As a community, it seems to me that our immediate goal should be to start seeking best practices from among these (and other) options in order to minimize the blockchain abuse potential. In order to accomplish this, individual promoters of contests, challenges, and the like should describe how they're dealing with the potential for identity-related abuse in their contests, and curators should include that information in their decision process when choosing whether or not to support a contest, challenge, or other promotion.

This post has also highlighted an entrepreneurial opportunity for decentralized identity services to establish themselves on the Steem blockchain.

That's it for Volume #1, and I probably won't have more on the topic for at least another week. When time allows, I hope to follow up with one or more additional posts that delve into other aspects of the problem - such as plagiarism, spam, the rewards algorithm, automation, and measurement.


Thank you for your time and attention.

As a general rule, I up-vote comments that demonstrate "proof of reading".




Steve Palmer is an IT professional with three decades of professional experience in data communications and information systems. He holds a bachelor's degree in mathematics, a master's degree in computer science, and a master's degree in information systems and technology management.

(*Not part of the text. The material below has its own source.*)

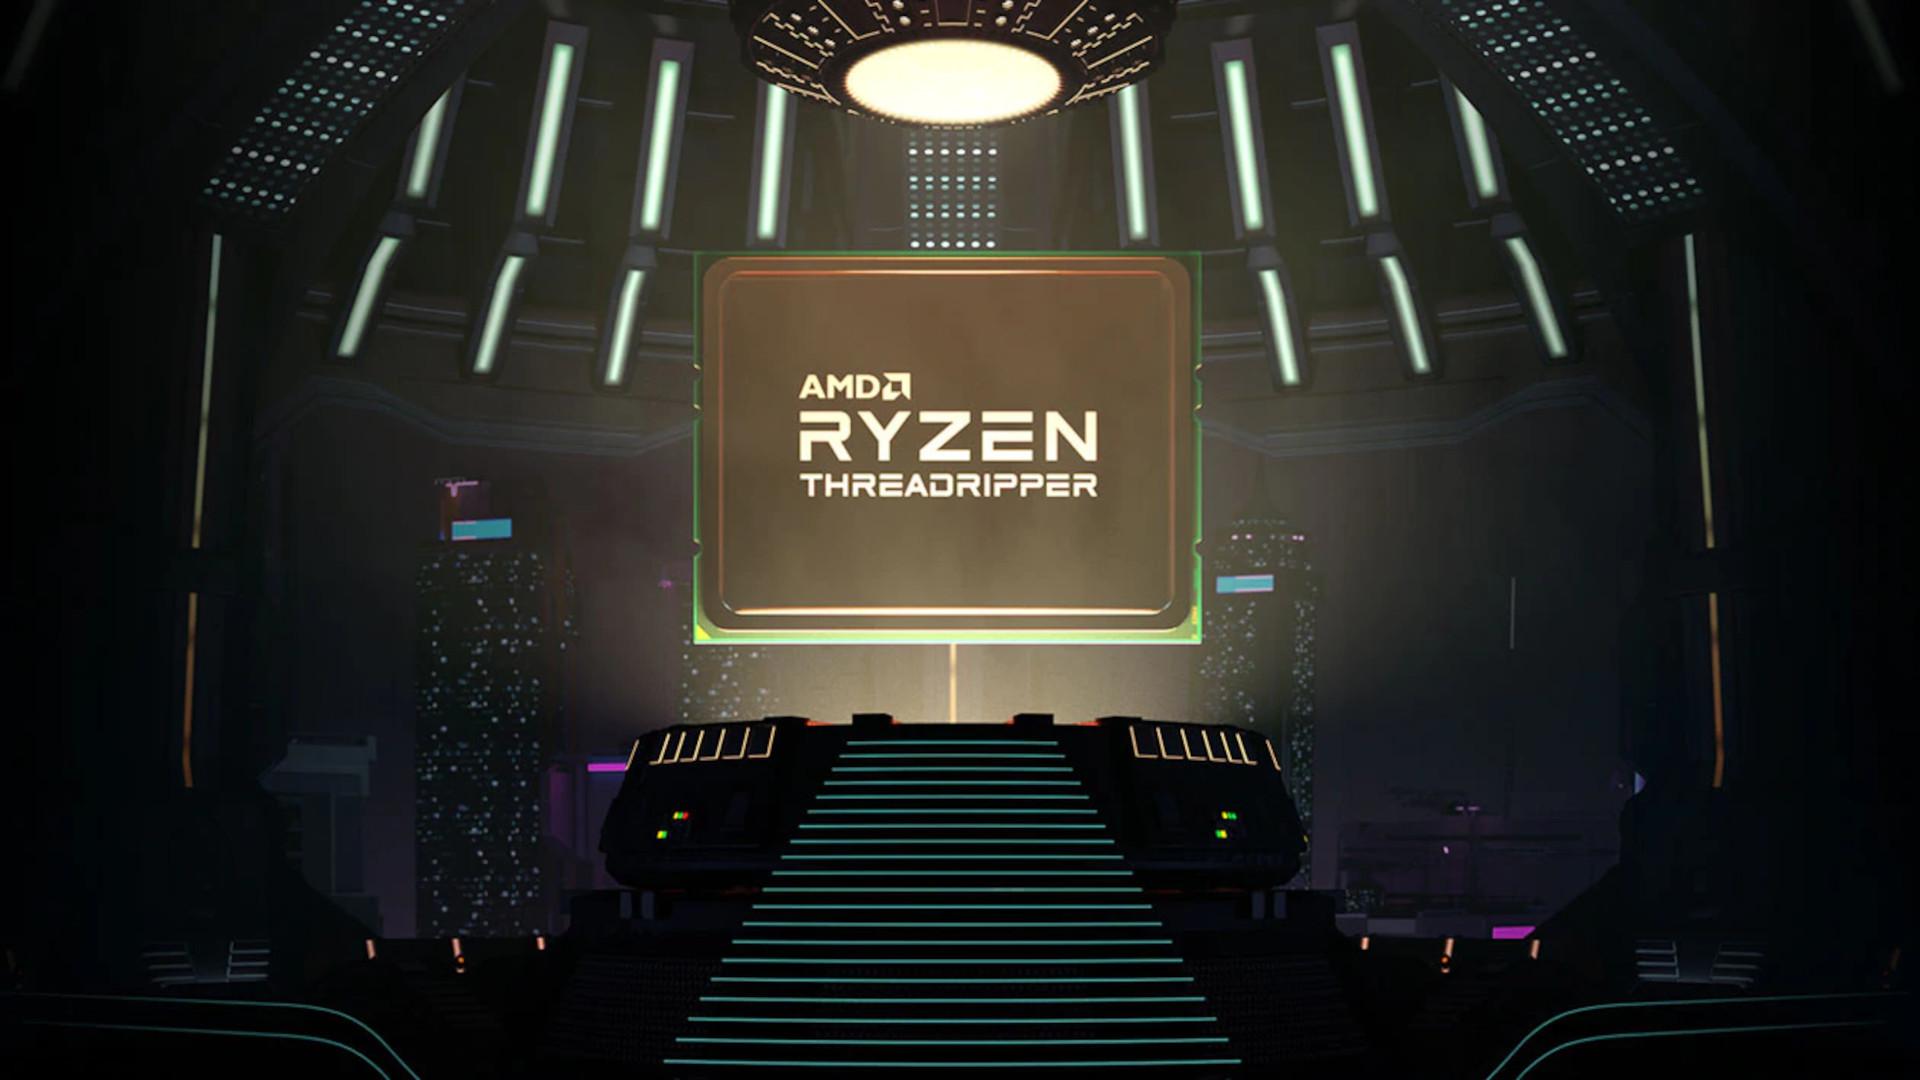 AMD Ryzen Threadripper 5000 release rumoured to be delayed to next year

He has been awarded 3 US patents.


image.png

Pixabay license, source

Reminder


Visit the /promoted page and #burnsteem25 to support the inflation-fighters who are helping to enable decentralized regulation of Steem token supply growth.

Sort:  

I've been thinking about this a lot since my series of articles and I'll jump around your article with various thoughts...

if we're not going to lurch about in a long-running and unproductive game of "Whack-a-mole"

I've long thought that the abuse being found is exactly this. Not just the concept that it's a never ending game of trying to stop something from popping up but also that the mole that pops up is often the same mole that has already been whacked down - often an improved version.

So it feels as though abuse on the platform is inevitable and there's no knowing what difference the whack-a-mole makes.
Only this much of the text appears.